В темноте он махнул рукой в направлении дома. Он напрягся. Его тон изменился, голос стал ниже. Всё его сердце было вложено в эту фразу.

— Не дай ей умереть, — произнёс он. — Господи всеблагой, не дай ей умереть!

— Успокойся.

— Но чем, чёрт возьми, они занимаются там наверху? Что-то происходит. Я знаю. Из больницы или ещё откуда-то появились другие люди. Но мне даже не дают зайти. Погоди! Я забыл тебя спросить. Сколько времени?

— Ты уже спрашивал. Я сказал...

Издалека ему ответили церковные часы, начавшие звенеть.

— Всего двенадцать? — поинтересовался Шарплесс недоверчивым тоном. Он начал кружиться на месте после первых трёх ударов. — Всего полночь? Да быть не может. Что-то не так с часами. Сейчас два часа ночи или даже больше.
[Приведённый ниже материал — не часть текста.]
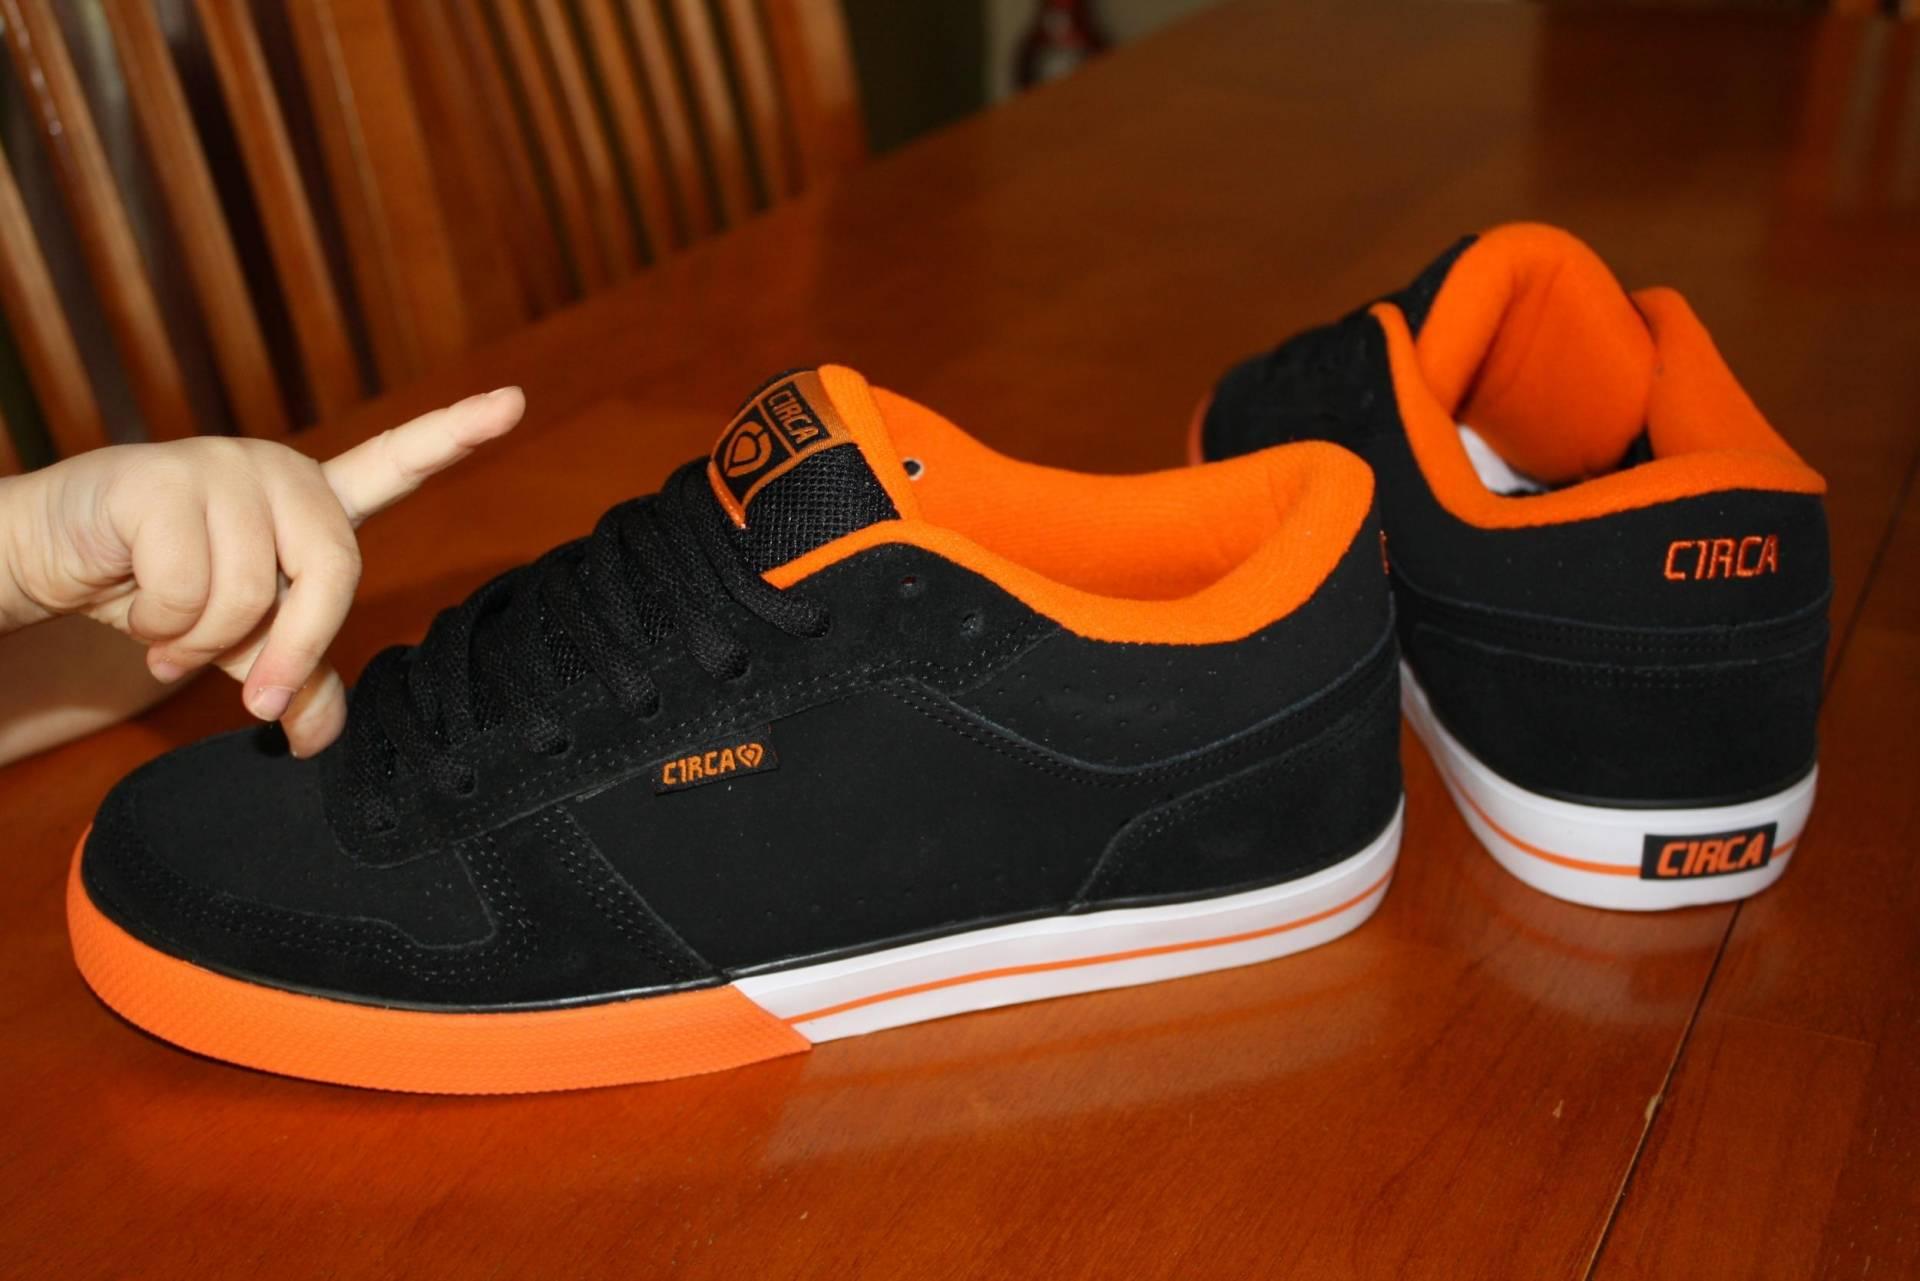 Skate shoes size 9 - File Size 146 9 Kb
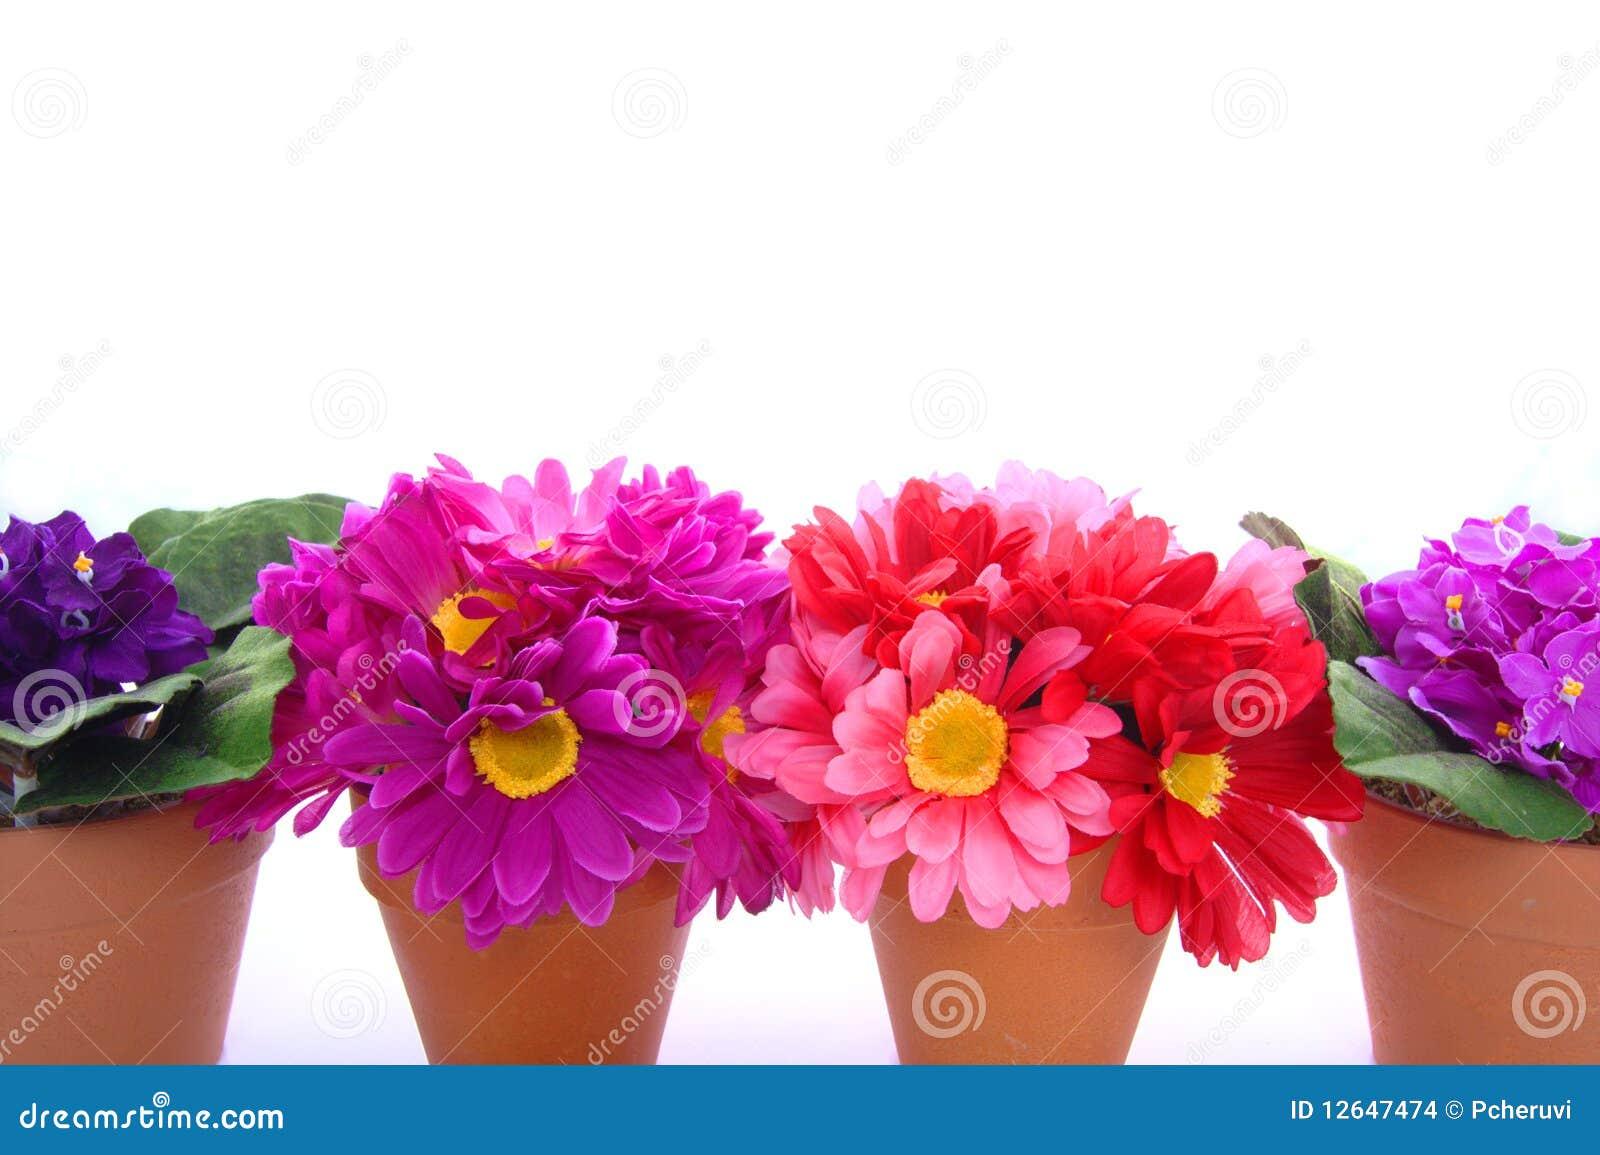 Row of flower pots

Должно быть.

— Фрэнк, тебе следует держать себя в руках.

— Я говорю тебе, с этими часами что-то не так!

Но с часами всё было так.

Они поняли это задолго до того, как часы отбили четверть часа, полчаса, три четверти часа и снова час.

В подобном душевном смятении, думал Кортни, Шарплесса лучше всего увести подальше от дома на случай, если он закатит истерику. Он усадил Шарплесса на каменную скамейку под деревьями. Дал ему раскурить сигарету. Свет в доме горел тем ярче, чем тише становилось в городе; из комнаты больной наверху по-прежнему не доносилось ни слова.

Звон церковных часов ворвался в их мысли. Они слышали часы, когда те ещё не били, и вздрогнули, когда начался перезвон.

А Шарплесс, не умолкая, говорил. Быстрым монотонным тихим голосом, редко меняя тембр. О себе и Вики Фэйн. О том, какие планы они строили, когда она была здорова. О том, что собирался делать в командно-штабном колледже. Он сказал, что его могли отправить в Индию, а затем долго описывал жизнь в Индии, цитируя при этом отца, дядюшек и деда.

Рассвет, подумал Кортни, уже близко. Он скоро проявится, белый и призрачный, за плодовыми деревьями.

Церковь отбила полтретьего.

Десять минут спустя, когда Шарплесс вспоминал бесконечное детство и игру под названием "Маленькие войны", задняя дверь дома открылась.

— Капитан Шарплесс! — позвал голос миссис Проппер. Её тон сочился кислотой. — Капитан Шарплесс!

Шарплесс побежал, следом за ним Кортни.

— Они считают, что вам лучше войти, — могильным голосом произнесла миссис Проппер.

— Спокойно, Фрэнк!

— Я не могу с этим смириться! — простонал Шарплесс. — Не могу!

— Ты должен. Господи, не превращайся в кисейную барышню! Вперёд.

Шарплесс медленно прошёл через кухню мимо рыдающей Дэйзи. Он споткнулся о стул в столовой и нашёл выход, только когда Кортни включил свет.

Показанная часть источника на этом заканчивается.